The World Health Organization (WHO) estimates that approximately the third part of the world population is infected with latent tuberculosis; that is to say that they are infected by the bacillus but they are not sick yet and they can not transmit the disease. The pathology appears when the body defences are weak, such as in malnutrition cases or unsanitary living conditions.
Hugo Gramajo, principal CONICET investigator at the Institute of Molecular and Cell Biology at Rosario (IBR), explains that malnutrition, stressed caused by poor living conditions and work provoke “a significant drop in the body’s defences, which makes tuberculosis bacillus spread faster and, consequently, the person can develop an acute infection. In the cases of patients who already had the microorganism in a latent state, it could be activated and that could provoke the disease”.
Apart from the overcrowding and the lack of hygiene, it must be added the fact that fabrics give off a type of dust which penetrates the airways. The situation is aggravated by the lack of proper ventilation in these enclosed spaces, usually basements or warehouses.
On top of this, according to this study, TTC workers have other health problems that range from postural problems to respiratory effects, vision loos, chronic anaemia or weakening of the immune system- which makes them more prone to contracting infectious diseases and may even result in death.
“Apart from the accidents and fires there are other issues that are related to wrong table and machine placement, cutting tools’ handling, visual problems caused by poor lighting conditions and breathing disorders resulting from lack of security measures such as face masks”, Goldberg enumerates, “ Furthermore, pregnant women have experienced arrhythmia or premature births”.
Collective migrants
In order to carry out the study, the team interviewed Bolivian workers and former workers of clandestine textile workshops who went to the Muñiz Hospital in order to consult or hospitalise for tuberculosis cases.
Thus, the team consulted doctors, nurses, social workers, pharmacists and psychologists who work at the Muñiz Hospital, the main centre for infectious diseases in the City of Buenos Aires.

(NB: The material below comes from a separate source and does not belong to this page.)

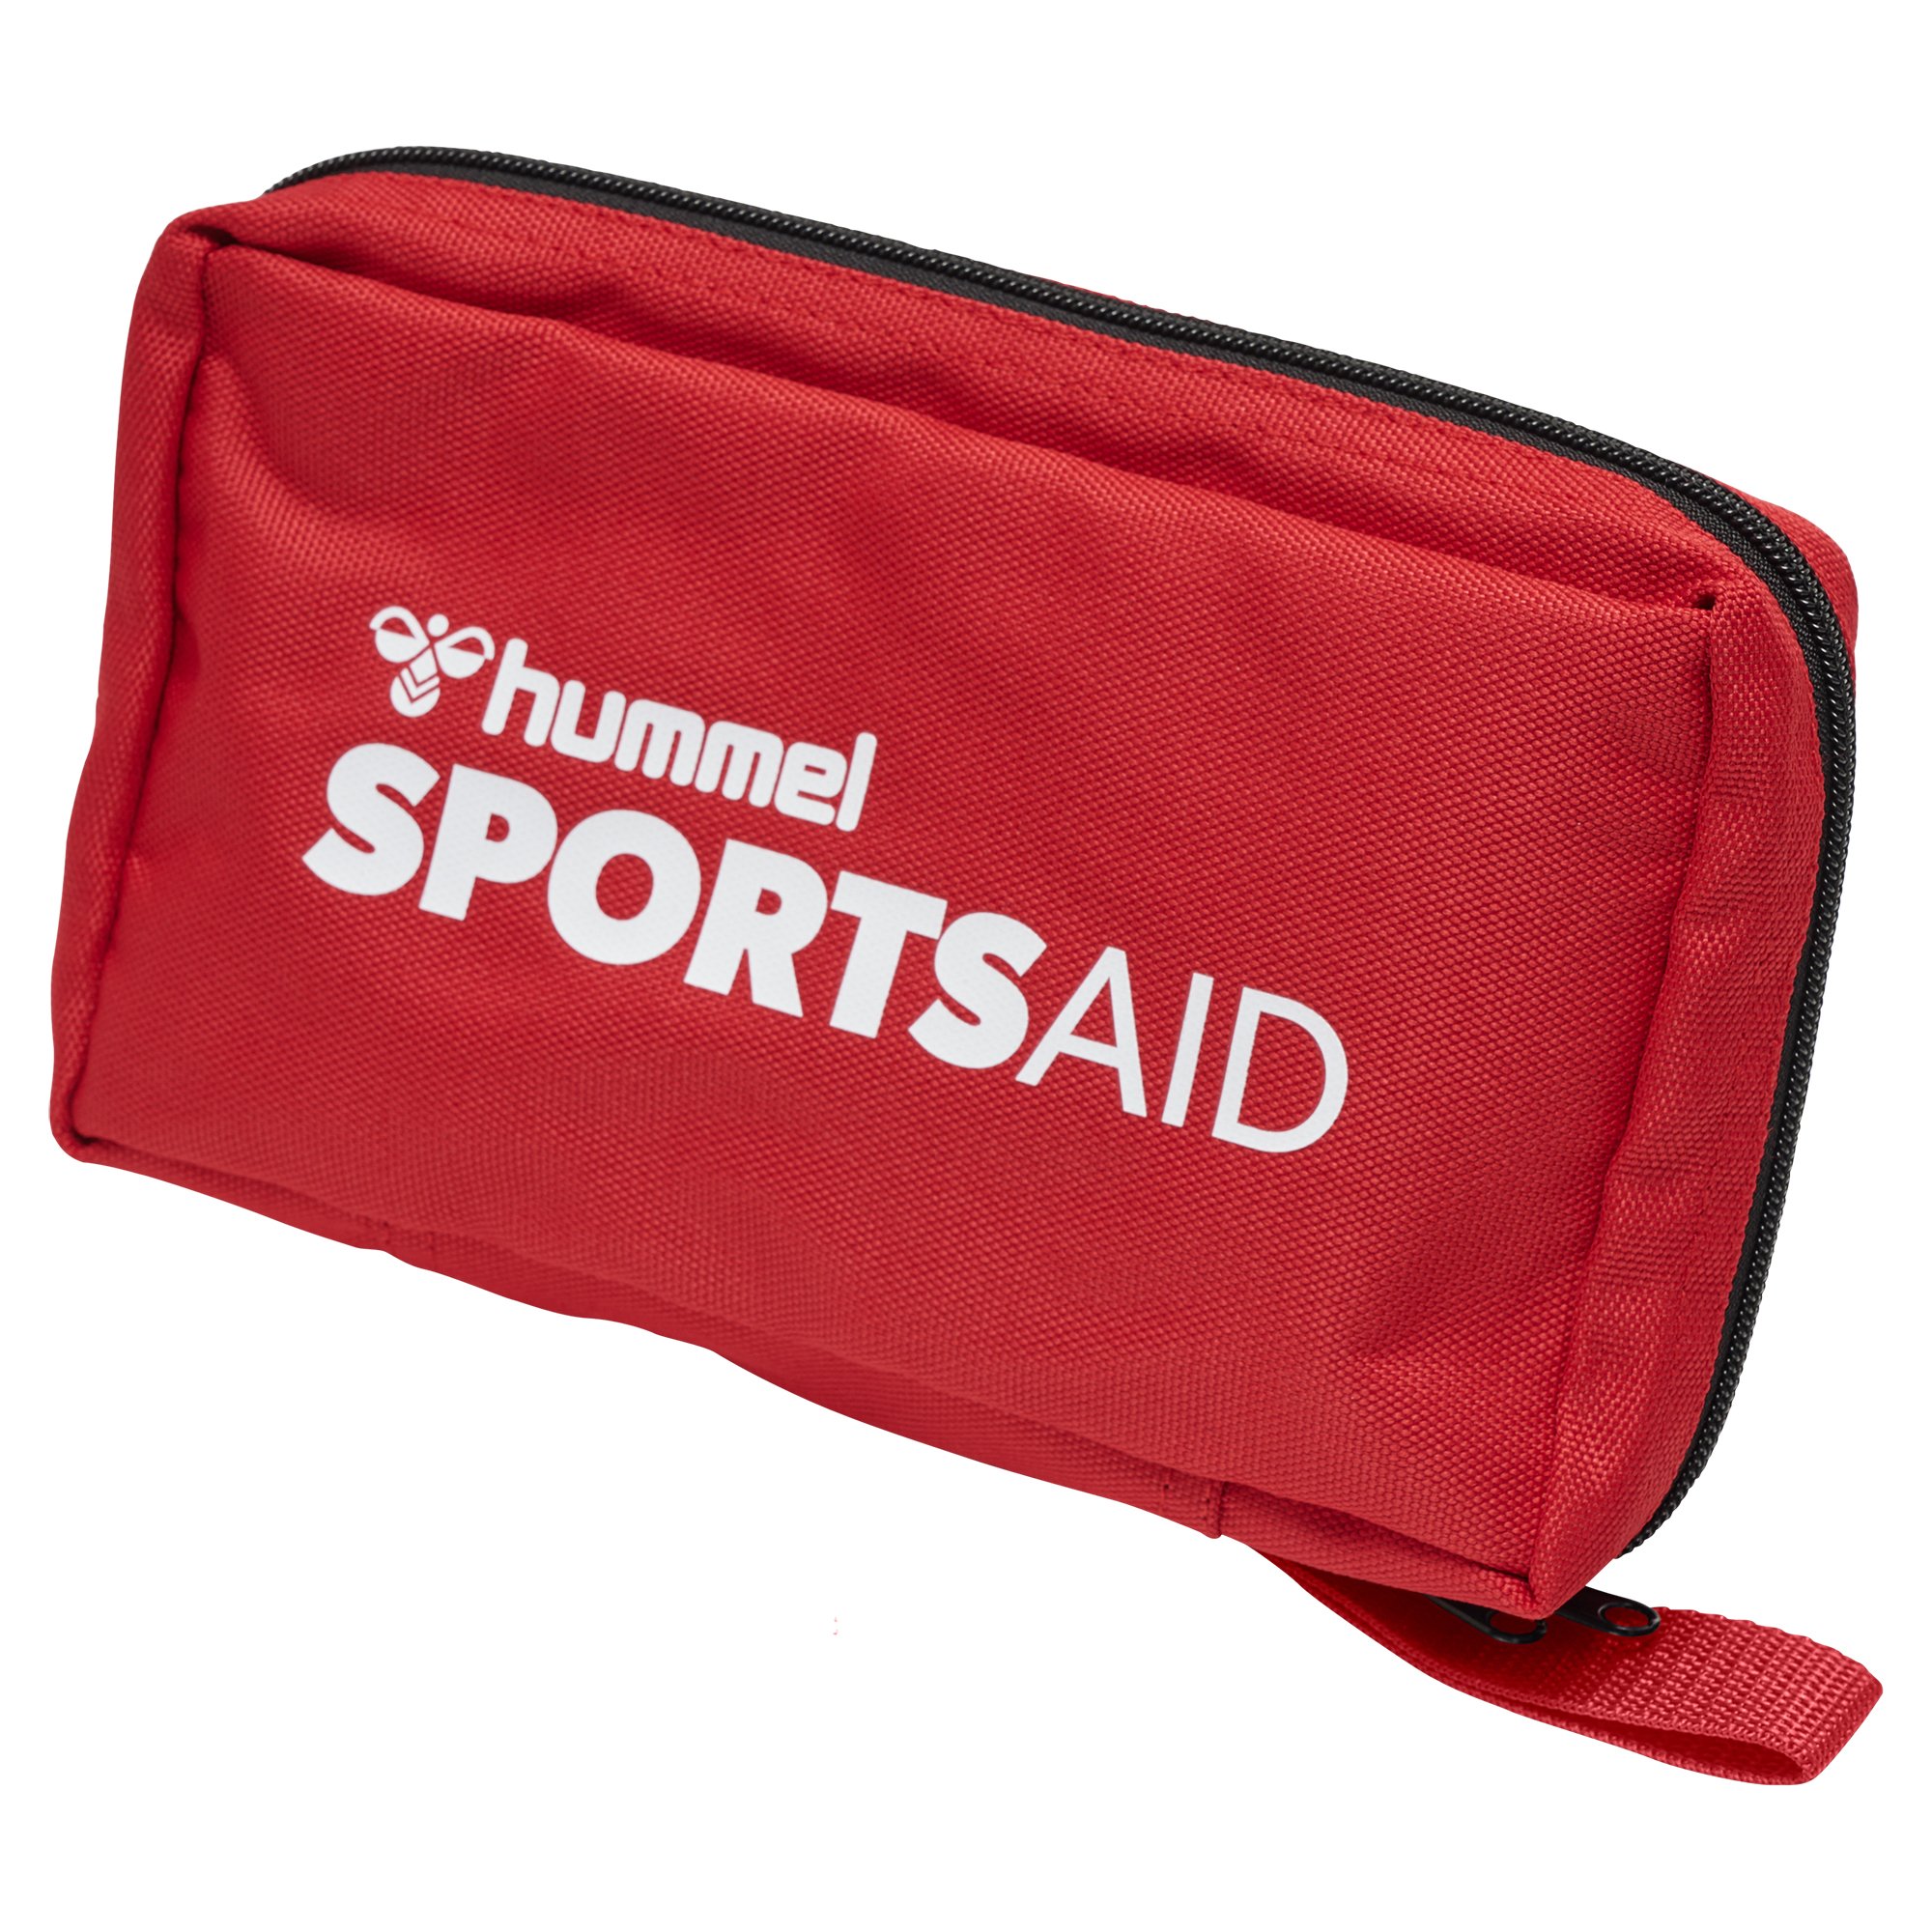 Sportsaid First Aid Bag S

Investigators have also collected data from associations and institutions related to the Bolivian Migrant Community in Argentina and textile cooperatives formed by former employees of TTC.
In Goldberg’s view, there is a wrong preconception in which Bolivian immigrants are associated with the increase of the TB rate. “It is said that Bolivian people carry the disease from their country and by doing that, they run the risk of infecting their ‘native’ population. However, that increase in the cases reviewed is associated mainly with life styles, housing, work and other difficulties they have to endure in this society”, the researcher affirms.
The report includes data from different studies in molecular biology, that confirm that there is no scientific evidence in the transmission of foreign Andean strains to Argentine patients (“native”) through the immigrants who arrive sick or get the disease in the CABA. Nevertheless, this situation does happen conversely. “The M strain, dominant in the AMBA, started to spread among many of the Bolivian immigrants who contracted the disease in the TTC”, Goldberg concludes.